Thinking Out Loud: SSH Deep Dive¶
A senior SRE's internal monologue while working through a real SSH issue. This isn't a tutorial — it's a window into how experienced engineers actually think.
The Situation¶
After a routine OS upgrade on a jump host, several team members report they can no longer SSH to production servers. The errors vary: "Host key verification failed," "Permission denied (publickey)," and "Connection refused." I can still connect because I was already connected before the upgrade.
The Monologue¶
Three different SSH errors across team members after a jump host upgrade. Each error means something completely different. Let me categorize them.
"Connection refused" = sshd isn't running or listening on the expected port. "Host key verification failed" = the server's host key changed (the upgrade regenerated it). "Permission denied (publickey)" = authentication is failing.

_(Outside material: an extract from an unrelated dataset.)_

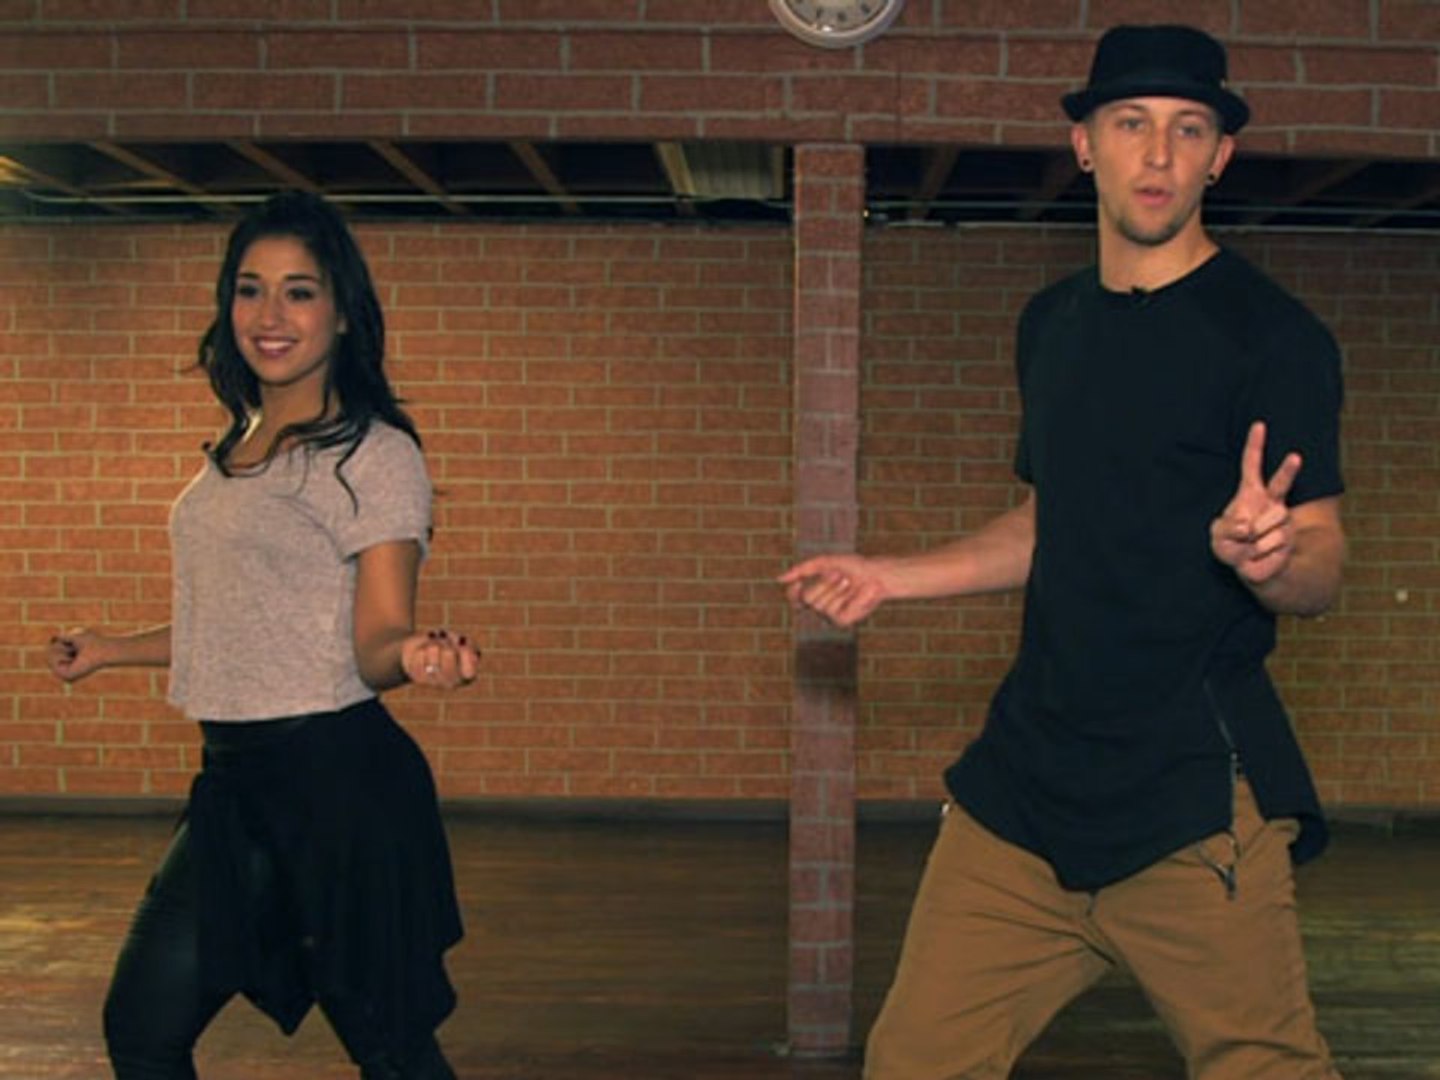 Dance Lessons with Dana Alexa & Matt Steffanina - video Dailymotion

These could all be caused by the same upgrade, but they're different symptoms. Let me tackle them in order of severity.
First: is sshd running on the jump host?
sshd is running and listening on port 22. So "Connection refused" must be something else. Let me check — are those users trying to connect to the jump host or through it?
Ah, they're trying to connect THROUGH the jump host to production servers. The "Connection refused" might be the ProxyJump failing, which surfaces as "Connection refused" on the downstream connection.
Mental Model: SSH Error Location Matters¶
SSH error messages can be misleading about WHERE the failure occurs. "Connection refused" might mean the final target isn't reachable, or it might mean the ProxyJump/ProxyCommand failed and the error is from the jump host, not the target. Always determine whether the error is from the client -> jump host leg or the jump host -> target leg.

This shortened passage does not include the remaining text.